With Lauzon as safe as possible, Gamache and his people rushed to gather evidence against the Prime Minister before it was buried too deep.
They moved at a near-panicked pace, while appearing as calm as the ocean. All the while looking over their shoulders. Knowing they were being watched.
But they were not moving fast enough. In frustration Gamache and his people saw each promising lead evaporate. Evidence was disappearing, being destroyed, just before they got to it. It was a race against time. A race Armand feared they were losing.
Armand and Reine-Marie flew to the UK, apparently to go to his reunion at Cambridge, but actually to quietly meet Sherry Caufield.
Over tea and scones in a small shop in the Suffolk village of Eye, Armand asked the head of UK counterintelligence to do her own investigation, since she might find what they could not.
Turned out, Caufield had never believed the official story and was relieved to know that Gamache didn’t either. Unasked, unobserved, she’d already started digging deeper.
“Lauzon could never have put all that together,” she said. “You’re doing that wrong.”
“I’m sorry,” said Reine-Marie.
“You put the clotted cream on the scone first, then the strawberry jam. Not the other way around.”
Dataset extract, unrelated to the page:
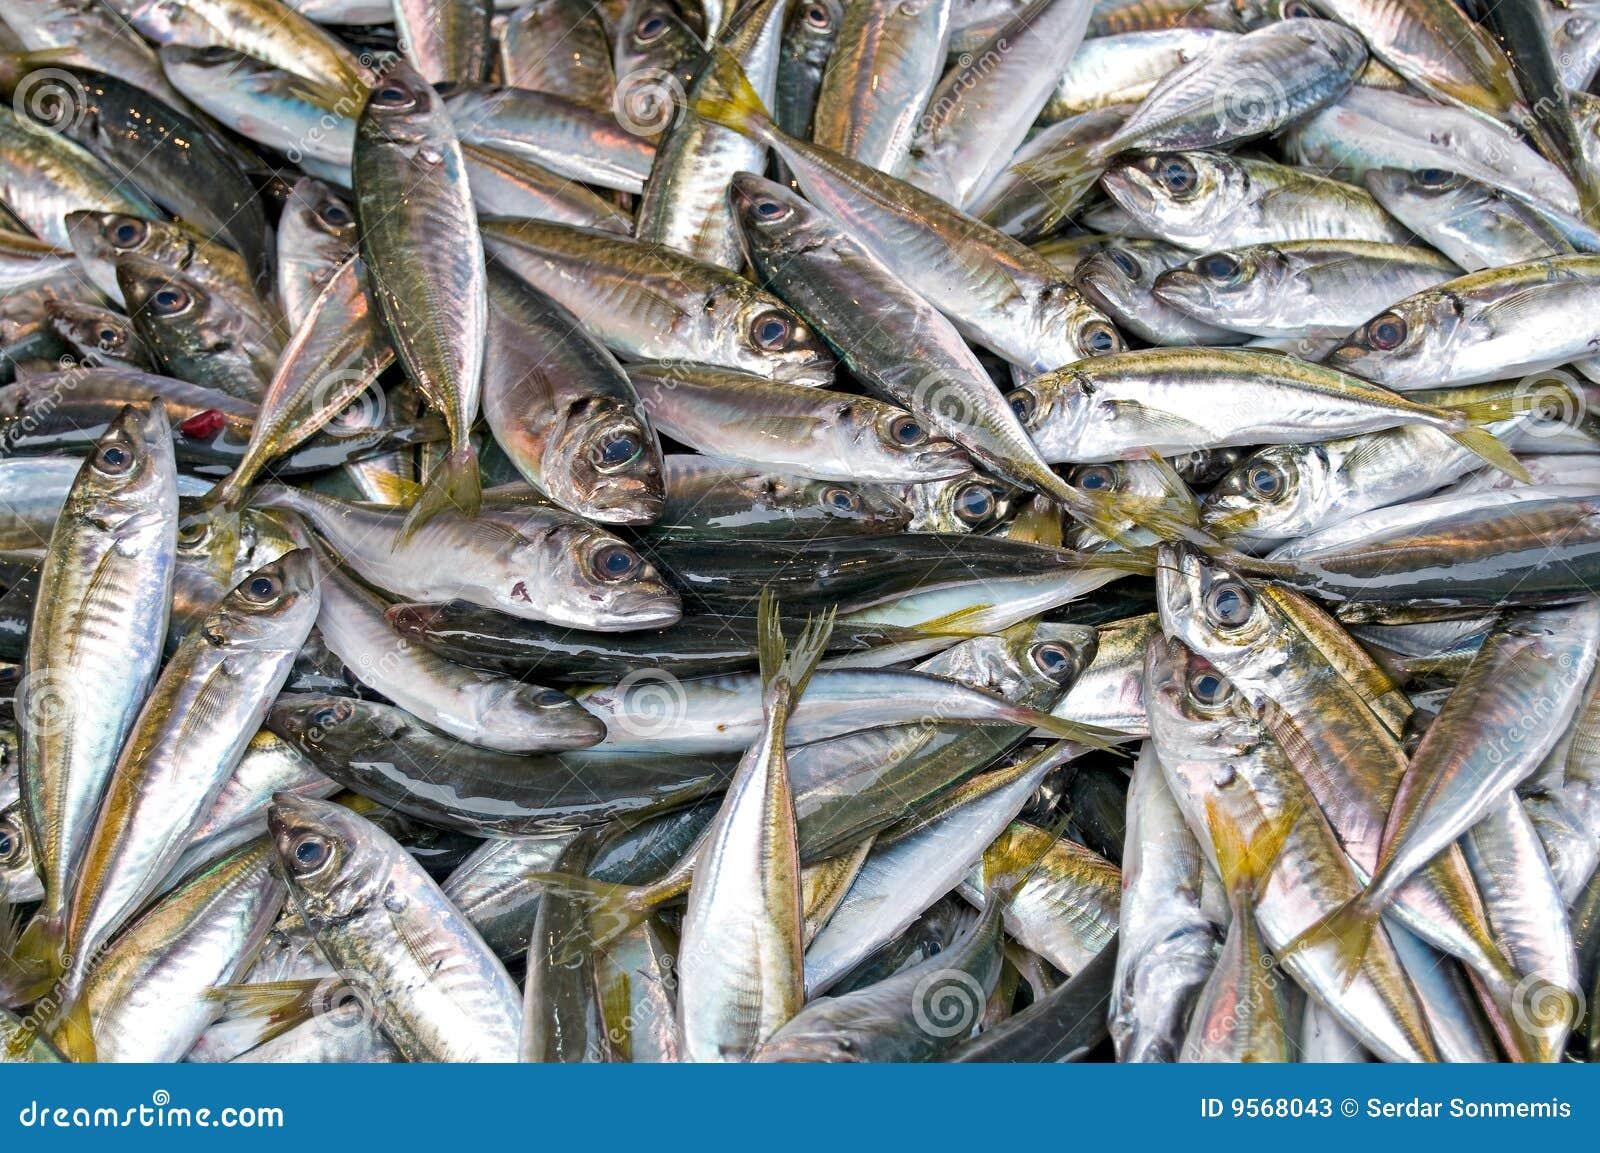 Fresh fish at the market stock photos image 9568043 for Bud s fish market

Caufield seemed as incensed about the scone issue as the plot to provoke mass murder and a regional war.
“Désolée,” said Reine-Marie and, turning to Armand, she grimaced.
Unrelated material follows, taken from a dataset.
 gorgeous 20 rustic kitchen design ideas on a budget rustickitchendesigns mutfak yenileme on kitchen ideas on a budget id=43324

“Lauzon’s slimy, but more interested in immediate gains. He has no patience. This plot took patience and a master tactician with all the necessary contacts and access. You’re doing that wrong.”
“I’m sorry?” said Armand.
“You put the milk in first, then pour the tea.” The head of British Intelligence huffed, indignant.
“If she calls us colonials, I’m leaving,” muttered Reine-Marie. Though, choosing her battles, she put the clotted cream onto her next scone first.
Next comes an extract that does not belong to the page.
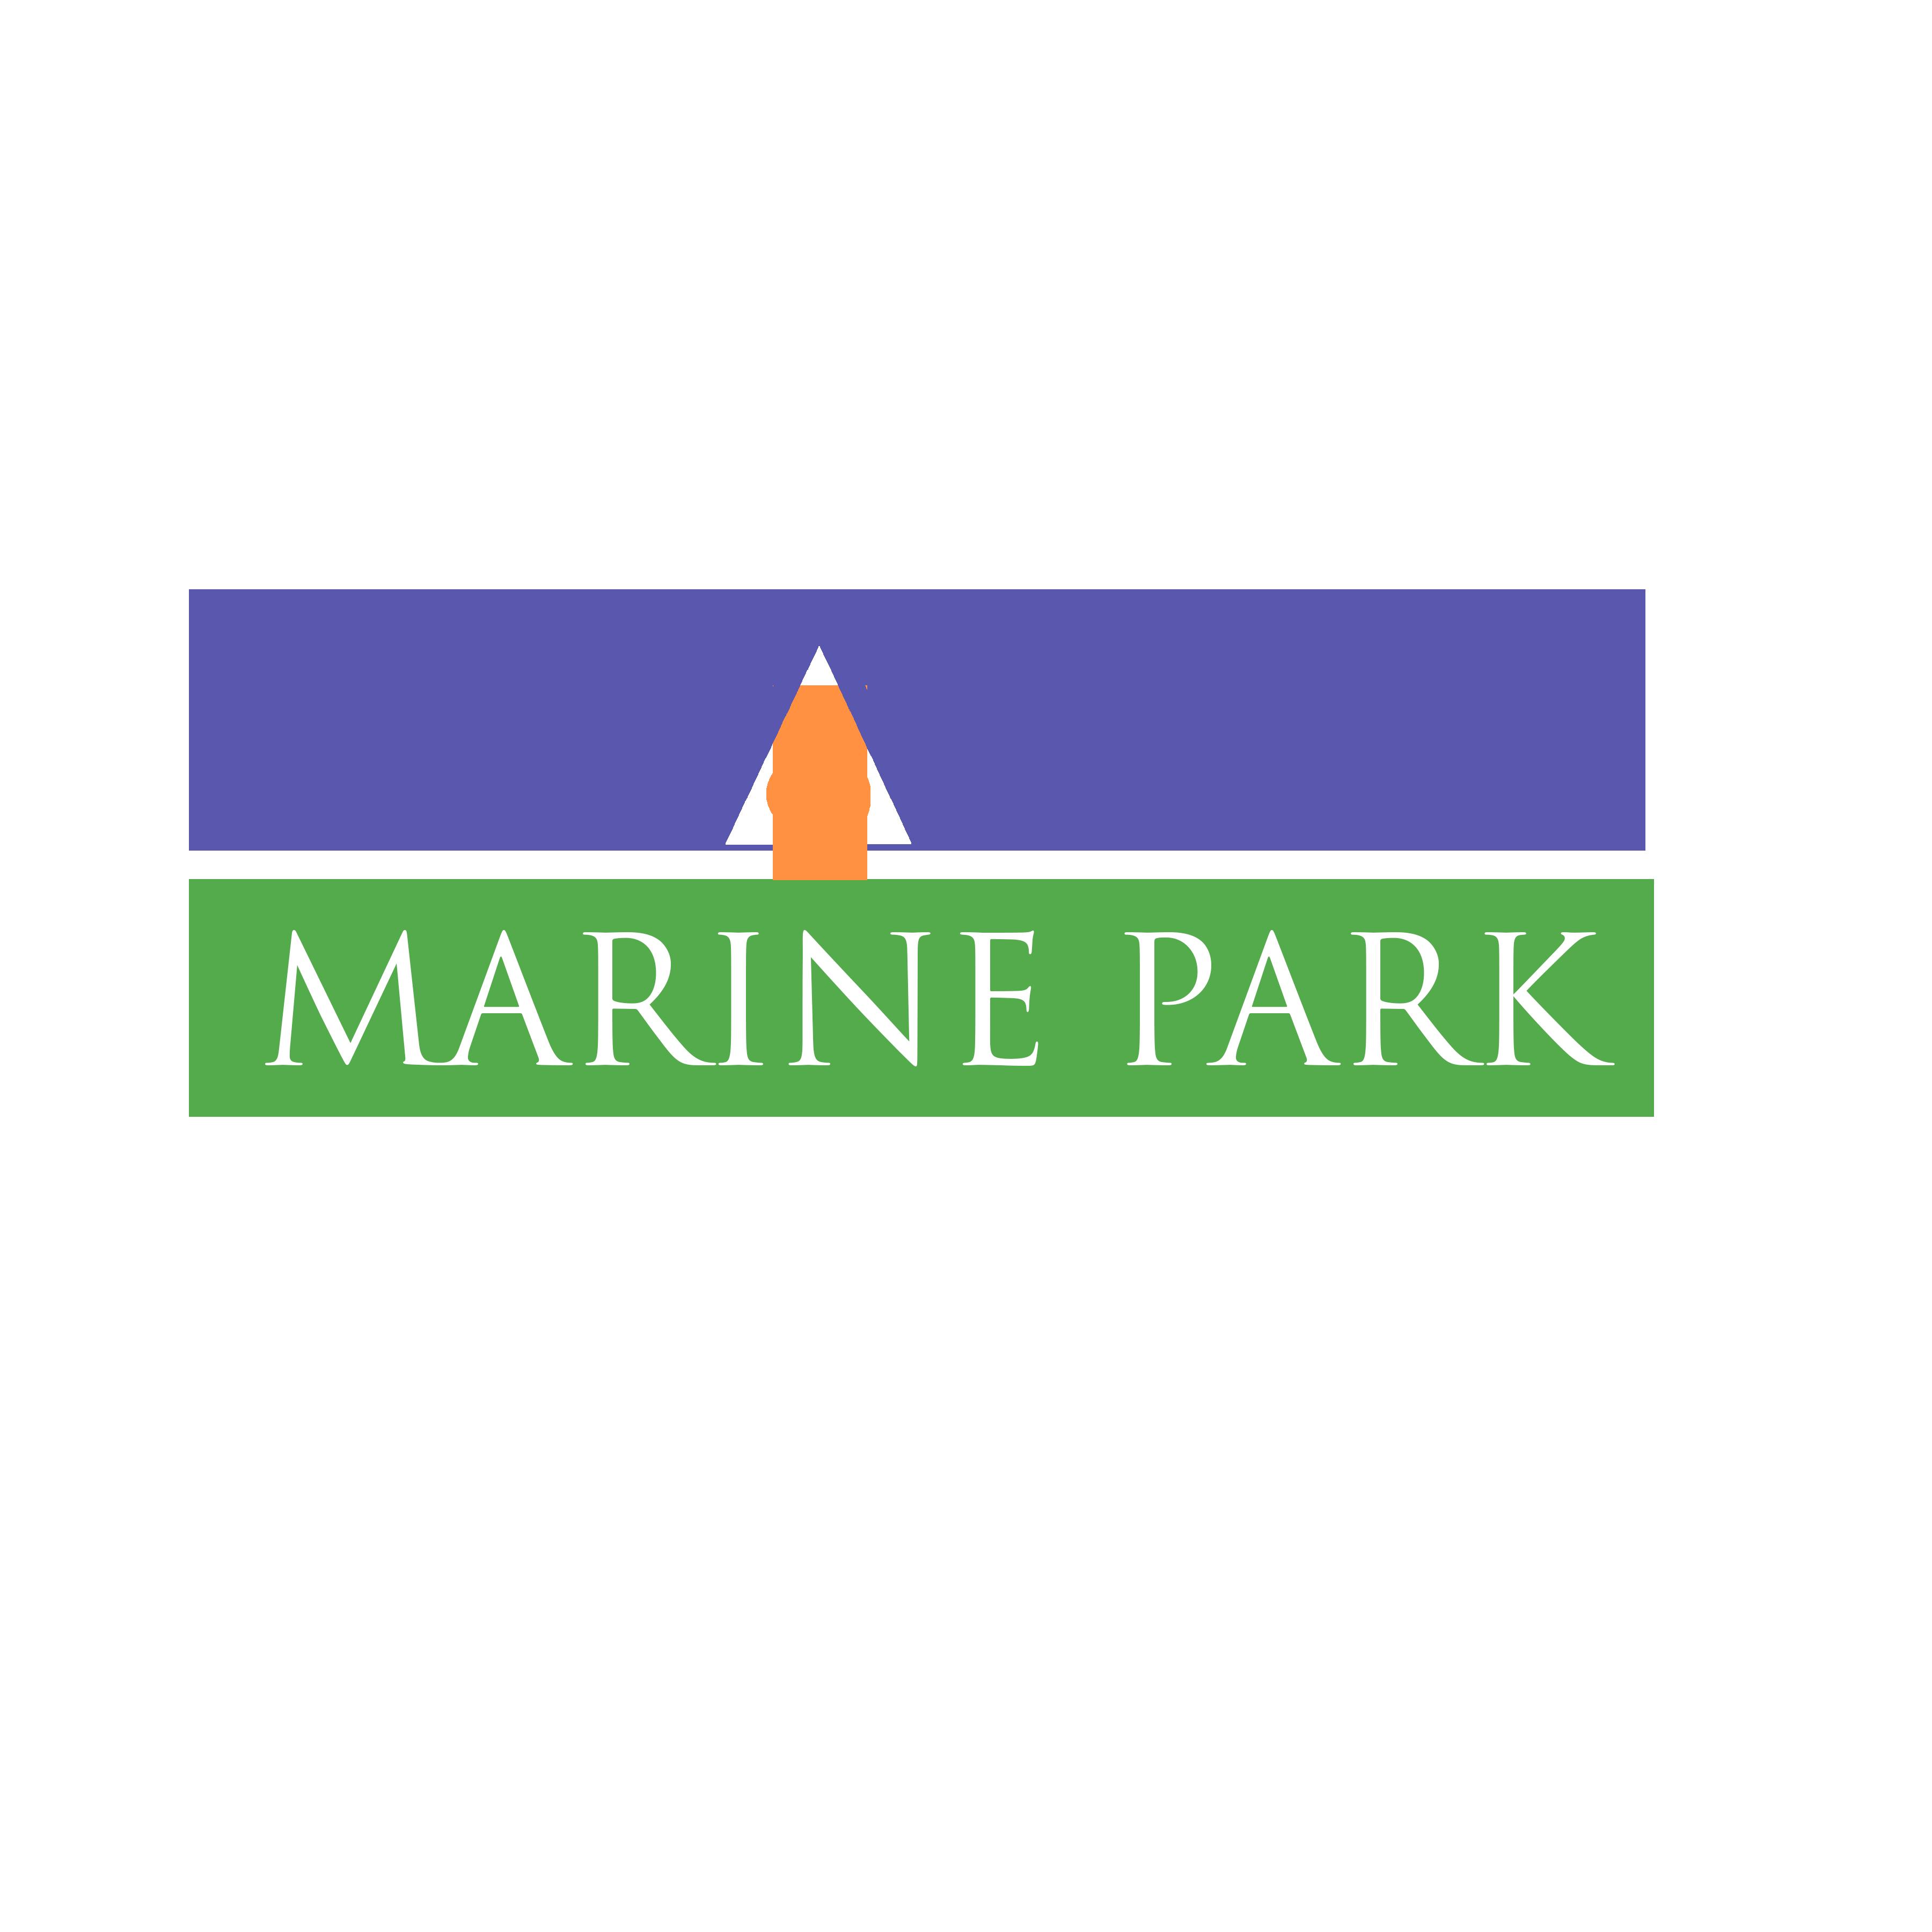 Chabad Marine Park concept

And in his next cup of tea, Armand poured the milk first.
“So it is Woodford.” He realized as he said it that up until that moment, he’d clung onto a thread of hope that Marcus Lauzon was, in fact, guilty.
“It is.” Sherry Caufield leaned forward and dropped her voice. “You need to stop him, Armand. If he gets control of North America, we’ll all be fucked.”
They’d hoped that the danger was past. But they were wrong. While the forests were not deliberately set on fire, the internet was. Conspiracy theories were gaining ground, fueling wilder and wilder claims. More fear, more fuel, more converts.
Clearly the truth was not effective, so Chief Inspector Gamache did the only thing possible. He lied. And lied. And dug and dug. And lied some more when interviewed, when asked. And hoped the lies would buy them time.